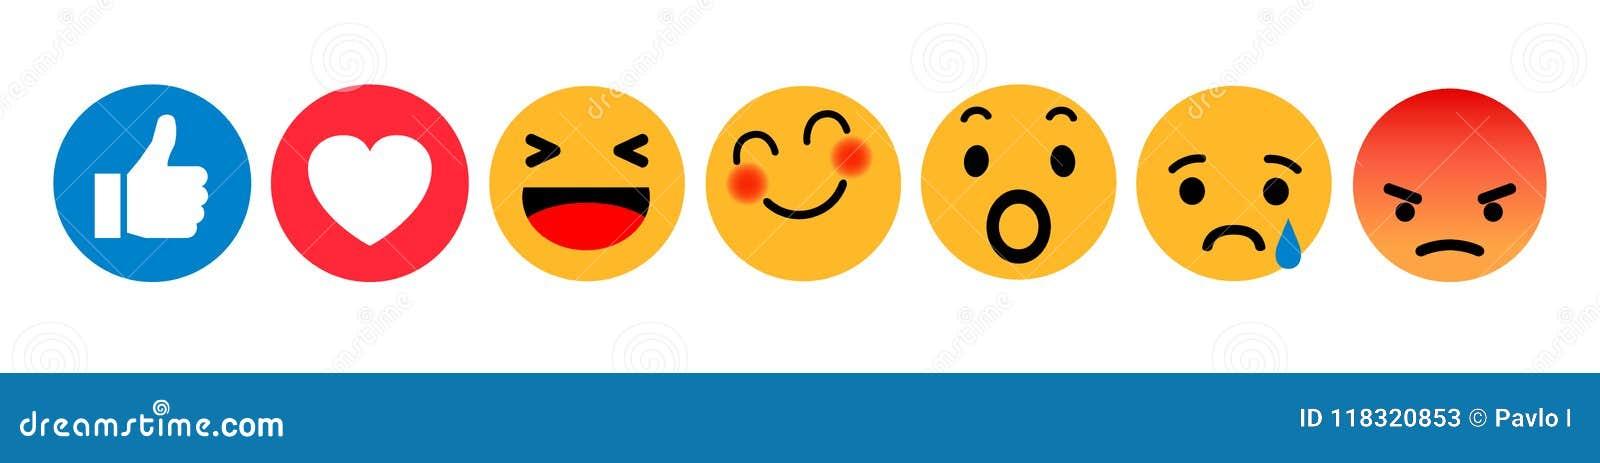 Jogo dos emoticons Ícone social das reações da rede de Emoji Os smilies amarelos, ajustaram a emoção do smiley, por smilies, emot
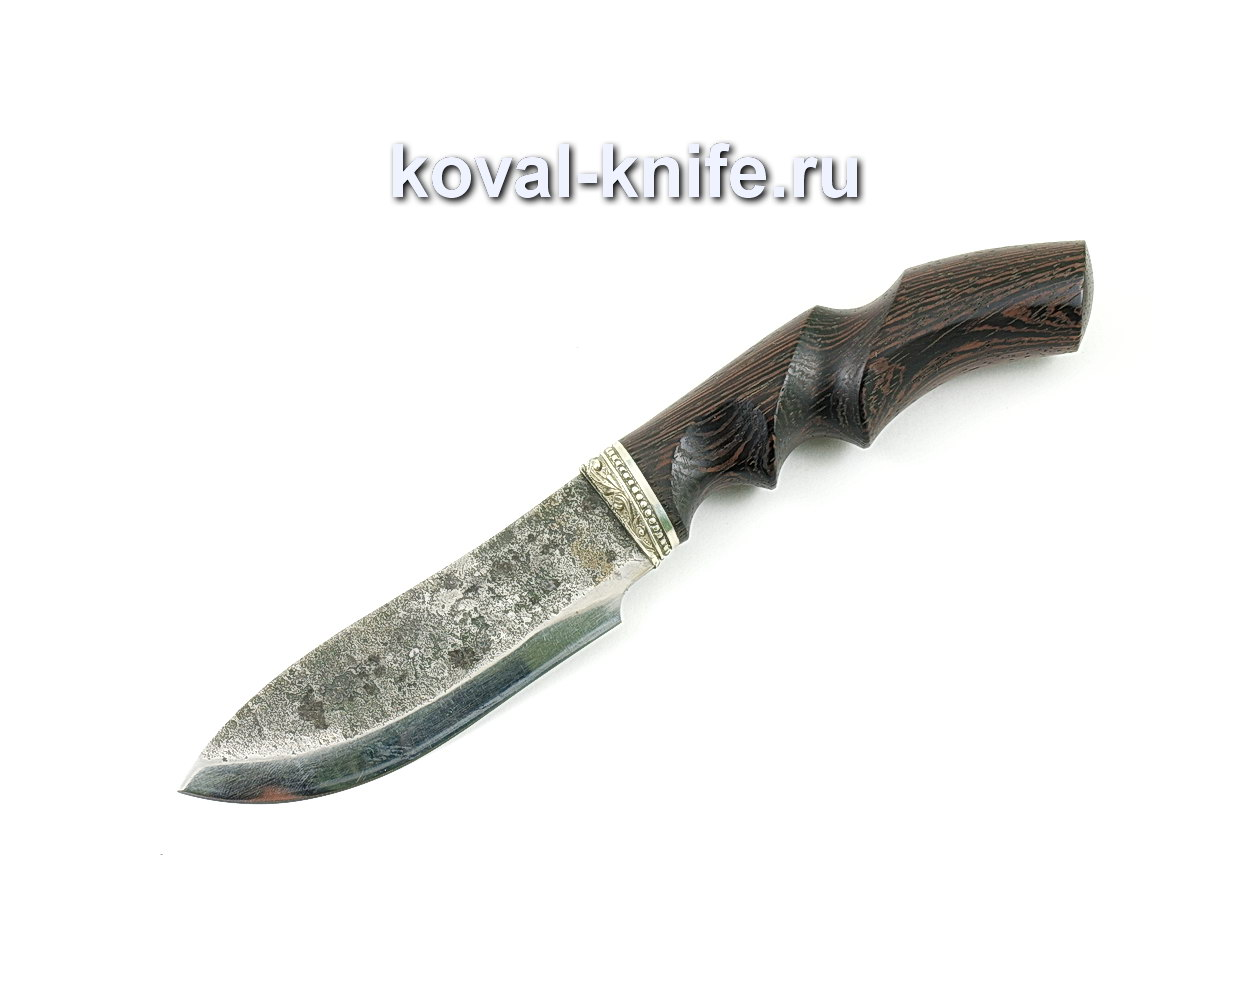 Нож Кабан из стали 9хс (анатомическая рукоять венге) A404
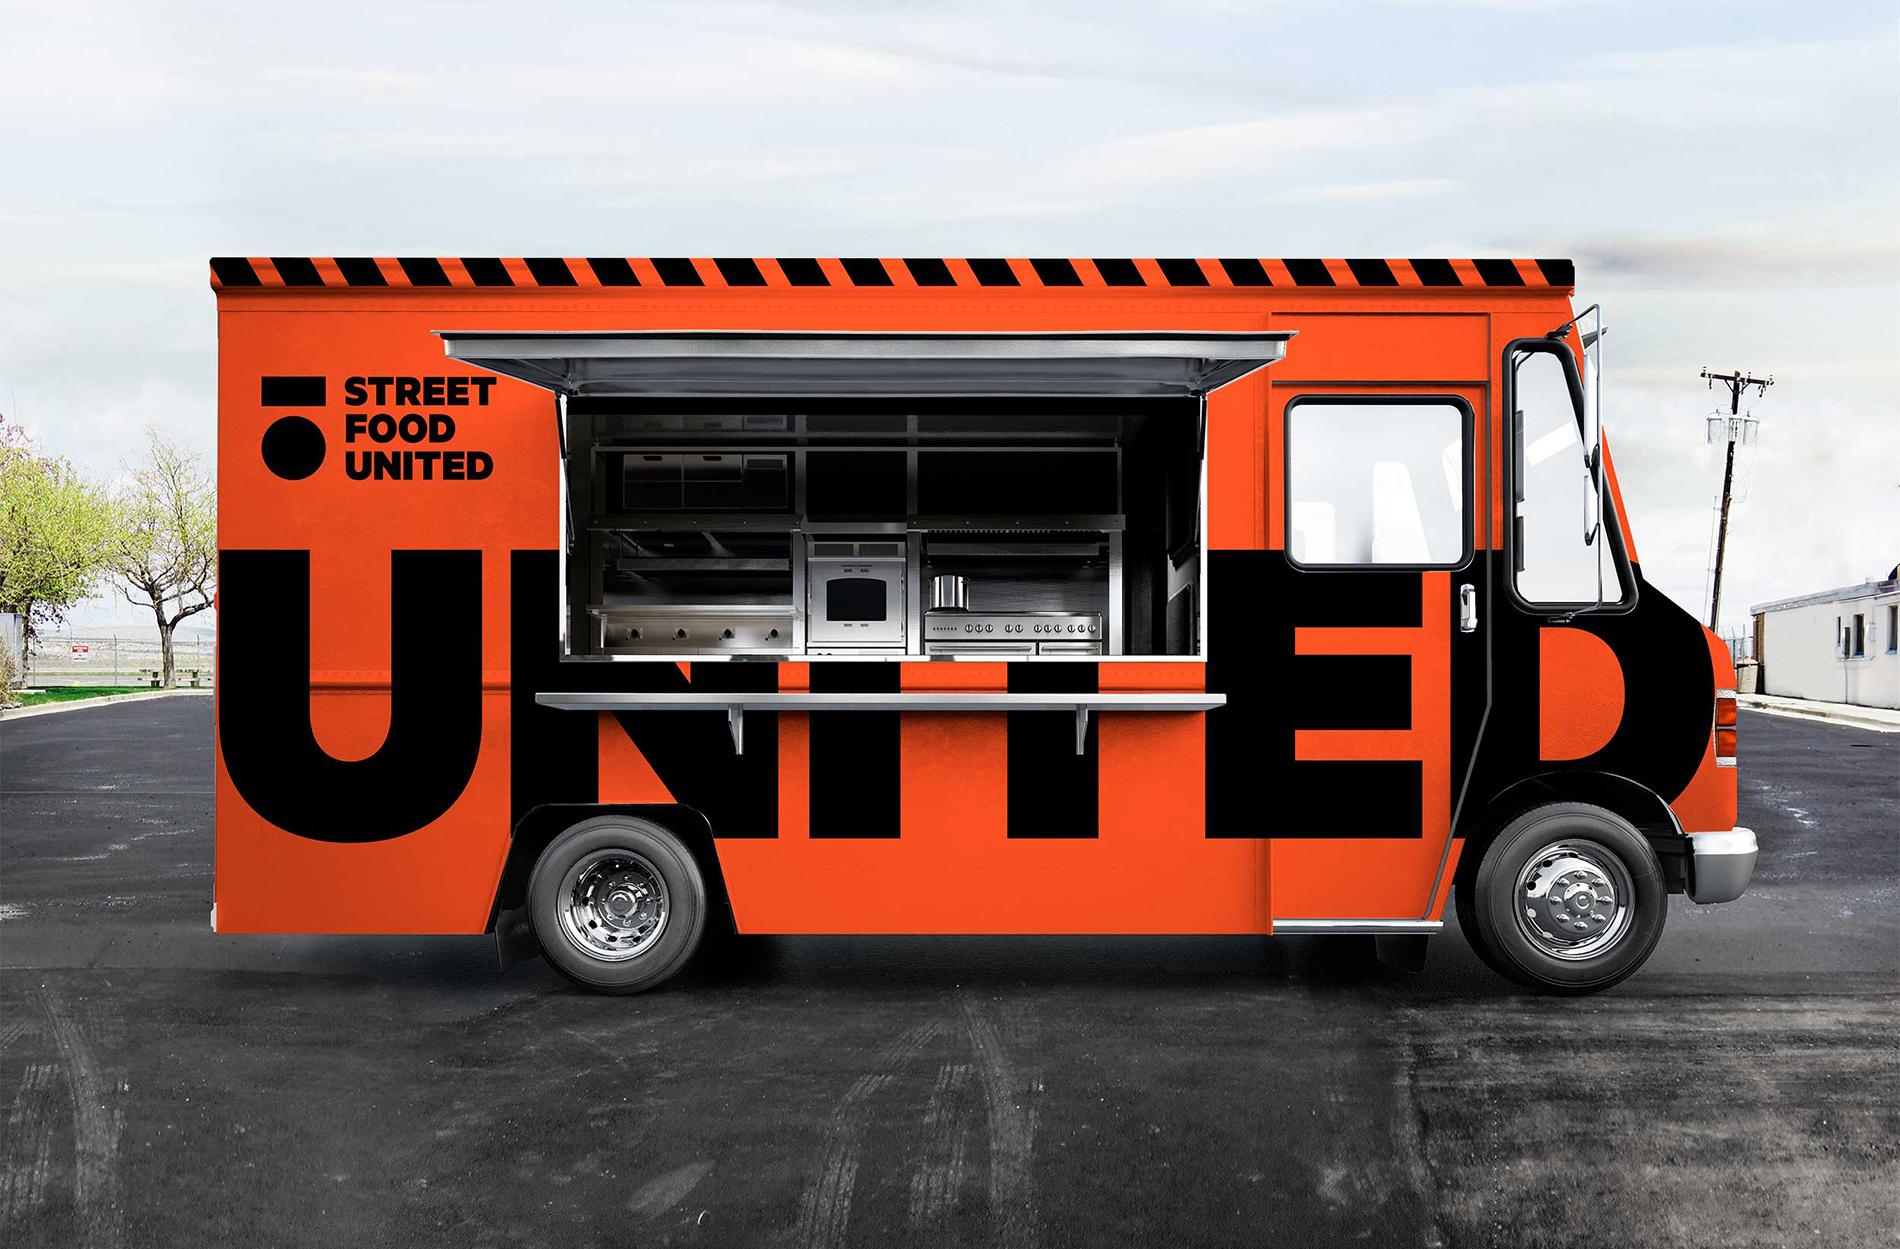 Food Truck Eventagentur und Cateringagentur aus Düsseldorf

----

▶ Work item
Without the pictures, copy the material exactly as given.

▶ Completed exercise
 Jogo dos emoticons Ícone social das reações da rede de Emoji Os smilies amarelos, ajustaram a emoção do smiley, por smilies, emot
 Нож Кабан из стали 9хс (анатомическая рукоять венге) A404
 Food Truck Eventagentur und Cateringagentur aus Düsseldorf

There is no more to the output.